We Are Not Yet Done …
By Nancy Lincoln Reynolds
Many say that history repeats itself. Those of us who have lived beyond half a century understand what that means as we observe the ebb and flow of religious and political tides; the pendulum swings between conservative and liberal attitudes. We see the reruns of our parents’ and grandparents’ expressions on the faces of children and grandchildren. We watch them struggle with some of the same realities of life that we faced and conquered (or not). At some level we painfully acknowledge the consequences of the human condition’s struggle to balance pride, greed and ego with generosity, compassion and sacrifice.
While many of us consider retirement or have already attained it, we are far from “done” with recycling and repetitive process. In fact, living often well into our 80s and beyond, we now tread new ground where vantage points on history can still call us to action or to respond. Prolonged energy and new opportunities free us to ask, “So who am I now?” and, “What do I do next?” Our answers can contain the enviable values of experience and wizened survival of trial and error.
Reflections on the Bay remind and exemplify perhaps the best of what we may be in “retirement years” as we glean from the process of repeated history. Preservation efforts speak loudly about learning from our mistakes and taking measures to correct them. Projects and websites advocate the reduction of pollution, restoration of habitats, management of fisheries and protection of watersheds. They also encourage stewardship through education and mobilizing individual and community action. It is the latter that catches my attention as one who “is not done yet” and who holds that vision of history that repeats itself. Being good stewards of the Bay is one of many aspects of lifestyle in retirement years where we may act on our observation of destruction or bad behaviors that have come from the human condition. There are many others. We house the patience and wisdom to focus on generosity, compassion and sacrifice in efforts to effect corrections of what we have seen falter and fail.
Retirement may be a time to slow down in many respects, but it is not time to “give up” as though we were also retired from responsible humanity. It is not a time to turn off our educated and best visions, throw up our fatigued hands and effectively say, “Let’s leave it to the young and next generations to figure it out for themselves.” As soon as we do that, we fail in a most significant focus of preservation: ourselves.
I am a strong supporter of hospice and its emphasis on palliative care. The message there is the same: the end of life has quality, value and importance. Most of us resist places that appear to offer themselves as final destinations where one goes, or is put, when they are “done.” I’m not sure there is such a time in life, really, as religions frame the value of life often in the context of good deeds and service to others. That, it seems to me, in various forms, may be the stewardship role of “who am I now” and “what do I do next” in retirement years.

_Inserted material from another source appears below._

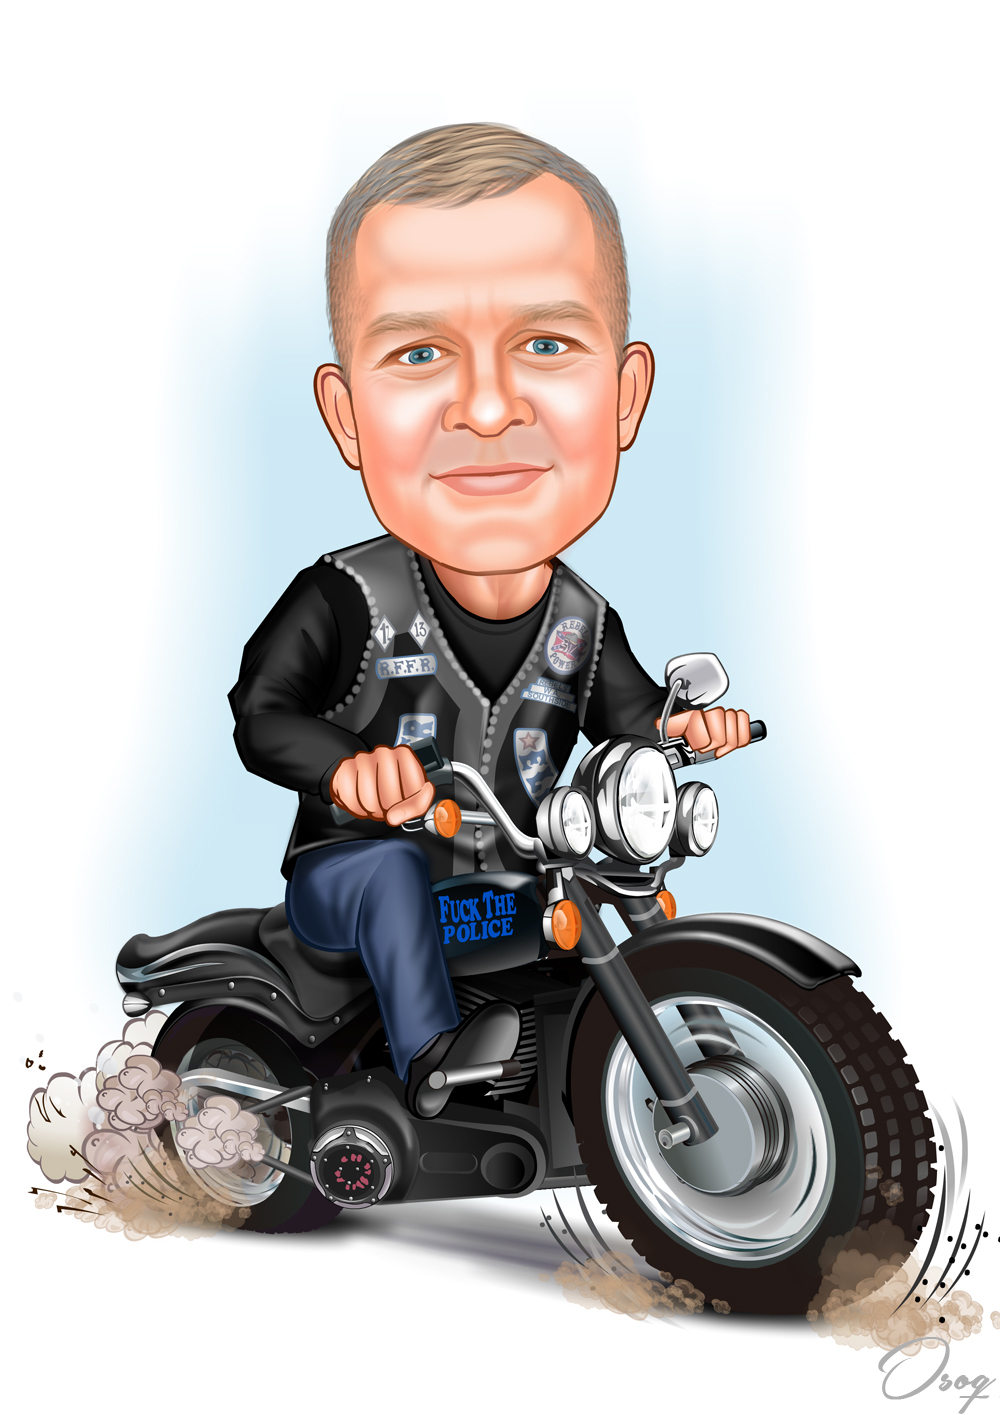 Motorcyclist Portrait

On a recent trip to Hungary, the “old country” of my grandparents, I had occasion to visit with a Ukrainian man who faces, as all young men aged 18-45 do there, the possibility of being called into military duty as his specialization becomes necessary. I grew up hearing stories of Soviet occupation in Hungary in World War II, and the devastating disappointment when the US did not follow through on the Eisenhower administration’s promise to step in during the revolution of 1956. “To all those suffering under communist slavery, you can count on us,” was empty hope. I asked Boris what he thought would happen in the current situation involving Ukraine. “I believe we can win this war,” he said. “If Europe and the United States will help, as they say, we can win it. If not, we will not win it.” I see the strong statements of support on the news, and yet I wonder if history will repeat itself … I do not know. But I can identify a vantage point there as clearly as we may have one on the daily decisions to intervene in the overfishing of rockfish populations, the elimination of oyster beds and the pollution of Bay waters.
We have learned much from history’s mistakes in our individual lives, in our communities, country and in the world. Our own lives are incredibly valuable resources to be drawn upon in these retirement years as we stand on the brink of history repeating itself. And we have the advantage of time to apply what we have learned to new things that actually renew us as well. As we are transformed by the renewing of our minds in this way, let’s rewrite the history of what one does in retirement years. It seems to me that this is where we may be most influential and creative, as we offer the next generations the preservation of what we have learned. We are far from “done” yet!